I will be writing this tech post as a quick information reference to a problem I had about a month ago so that I won’t forget how it was fixed.
The problem being the Windows slow spinning dots startup problem I (and many others) have had for a very long time.
It is hard to believe that after so many years of research online, a clear solution was never found on Google, Microsoft support site or anywhere else.

Recently I deciding to optimize my Windows 10 PC and reduce as many issues as possible especially the issue of Windows taking almost 7 to 8 mins to boot up.
This long boot up problem has plagued Windows since 7, Vista and maybe earlier.
To be very specific the issue was about when one would restart or boot up Windows, the Windows logo would appear with spinning dots at the bottom of the screen moving smoothly in a circular loading motion until they began to move very slowly for a few minutes and then start spinning smoothly again.
The whole boot loading up process up to where you can finally reach the Windows login screen would take about 7 or 8 minutes.
There was a time when a new installed Windows would boot up in less than a minute but somehow this would not last.
Trying everything I could by extensively reading information online across so many websites for almost 2 decades failed to find any real solution.
On my last effort to find a fix I made a big mistake by setting my Windows boot startup mode to diagnostic startup which left my system indefinitely in a constant diagnostic boot up mode.
This meant that no matter how long it takes, one must leave Windows run in diagnostic mode until it finishes which depending on your PC setup, could last from hours, days or weeks.
3 days stuck in this startup mode I couldn’t wait and longer and hard rebooting the computer would only make it start over again.
Nothing I did would revert or change the startup mode.
Trying booting up in safe mode, use a repair and recovery disk, usb or disk windows boot up and tools.
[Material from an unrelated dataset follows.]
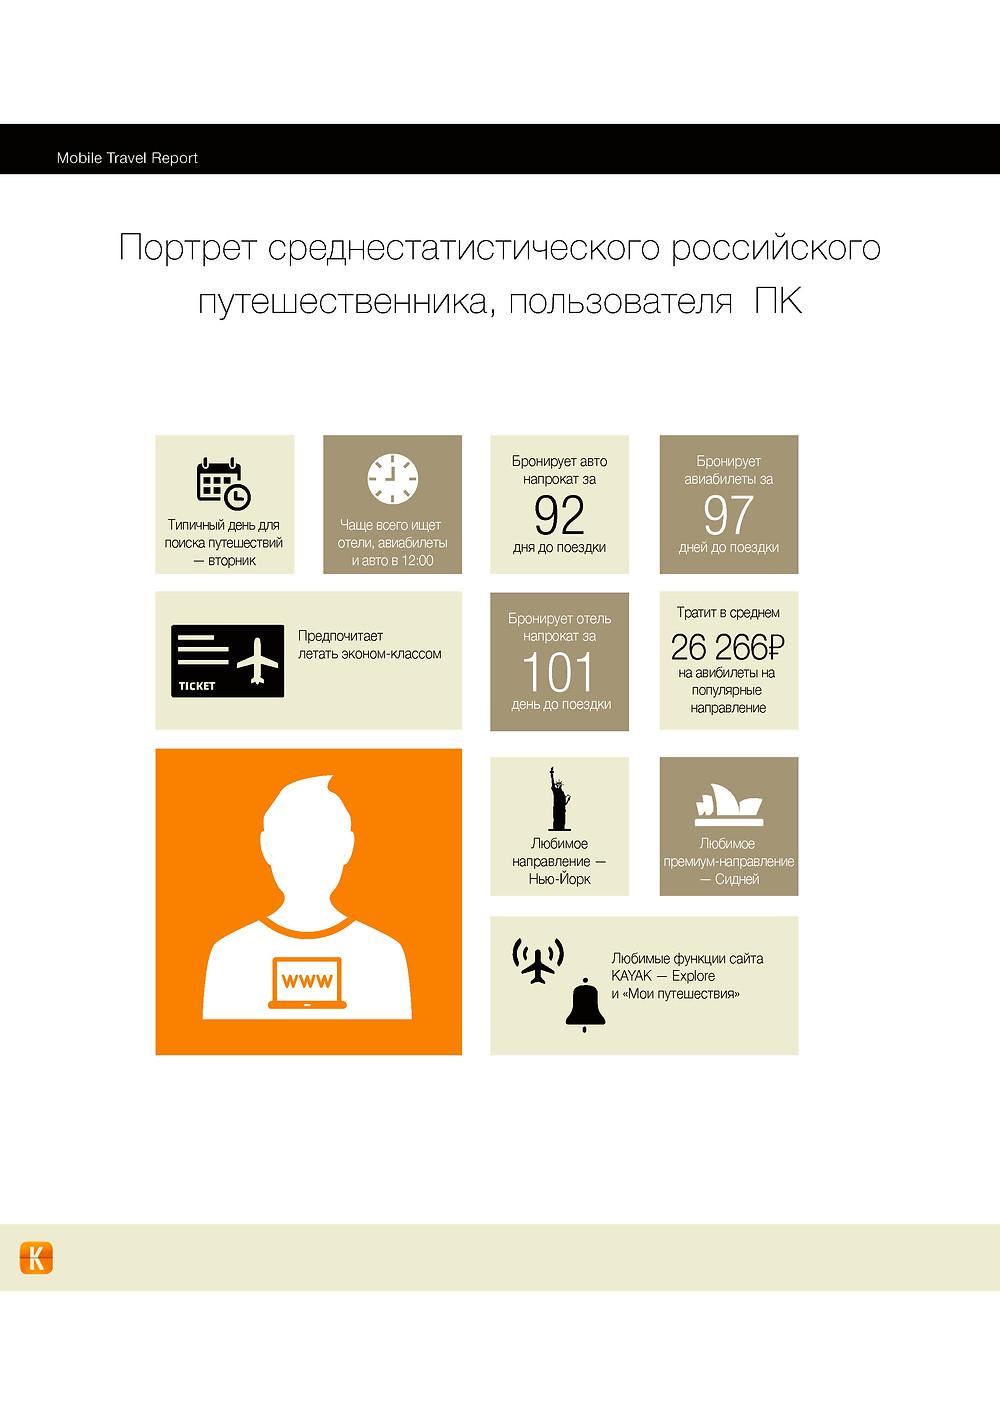 MobileTravelReport_Инфографика-24.jpg

Nothing.
I have had enough and used a SSD hard drive from my PS4 and will install a new Windows 10 internal HDD while removing most of my data drives from my case.
Before installing a new copy of Windows by using a Windows 10 installation usb drive I had previously created, I tweaked a few things in the ASrock bios and enabled non native AHCI drivers.
There is another problem somewhere.
Trying to install Windows 10 on a hard drive that is in mode MBR or GPT disk had some weird up and downs.
I could not install the primary operating system (Windows) on a GPT disk, then after some bios changes and converting the HDD to MBR, I couldn’t install a primary OS on a MBR disk.
I’m going crazy here.
Enabling non native AHCI drivers support in the bios I finally was able to install Windows on a new hard drive but only with more weird things going on.
Windows would boot up but before the ASrock logo appear, a text AHCI driver list would show trying to seek which sata drive had a viable disk with an OS to boot up.
Regardless, I left it that way and continued searching online until I stumbled upon something about the boot order of drives.
I think I know what the whole slow and weird boot up problems is.
There is a a boot order that happens when you boot up an OS, in my case Windows and ASrock motherboard.
You have sata drives starting from the first which is drive 0 (zero) then so on but not all.
First drive is “0” which is drive 1, then the second drive is drive “1” which is the second in boot order.
My motherboard has 8 sata connectors which 4 are native AHCI and the other 4 are non native drives that work but should be read for data and not used a primary OS boot option.
I restart and go into bios boot from drive mode and see my primary Windows drive is not the first drive (drive 0) in boot order.
I’m thinking, does boot order even matter when I am selecting which drive to boot from?
On the bios drives boot list I notice drive 0 is a data drive I’m using.
I think I know what is going on now.
I disabled non native AHCI booting and fastboot options in the bios.
Note: this does not disable AHCI, it removes the ability to boot from non native sata connected drives.
Reconnected my internal hard drive with new Windows installed to sata drive “0” which uses native AHCI.
Now Windows boots up in seconds!
What the heck was going on?
My set up is 7 internal hard drives and a disk blu ray read drive with just one Windows hard drive.
I learned that if you have your main OS not first in the list of boot up drive (drive 0) then either the bios or Windows will scan ever drive for a bootable OS starting from the first drive in the list.
Great, that was the problem!
The computer was scanning through the list of drives before it booted from the one it should have only regardless if specified which drive to boot up from.
I figure Windows or the bios normally scans through it’s drives in case there may be problems booting up from the main OS.
So what causes slow boot up?
Over time, your other internal hard drives may start to adopt into the primary OS as another place to install programs, games, apps and software so as it looks more like it might have a bootable OS in it and them being above in the boot order of your primary OS, they will be scanned first in boot order.
So the solution is to find which sata connection is the first drive 0 in the boot order list, then manually reconnect your Windows or primary OS hard drive to the proper first sata native connecting which would be drive 0.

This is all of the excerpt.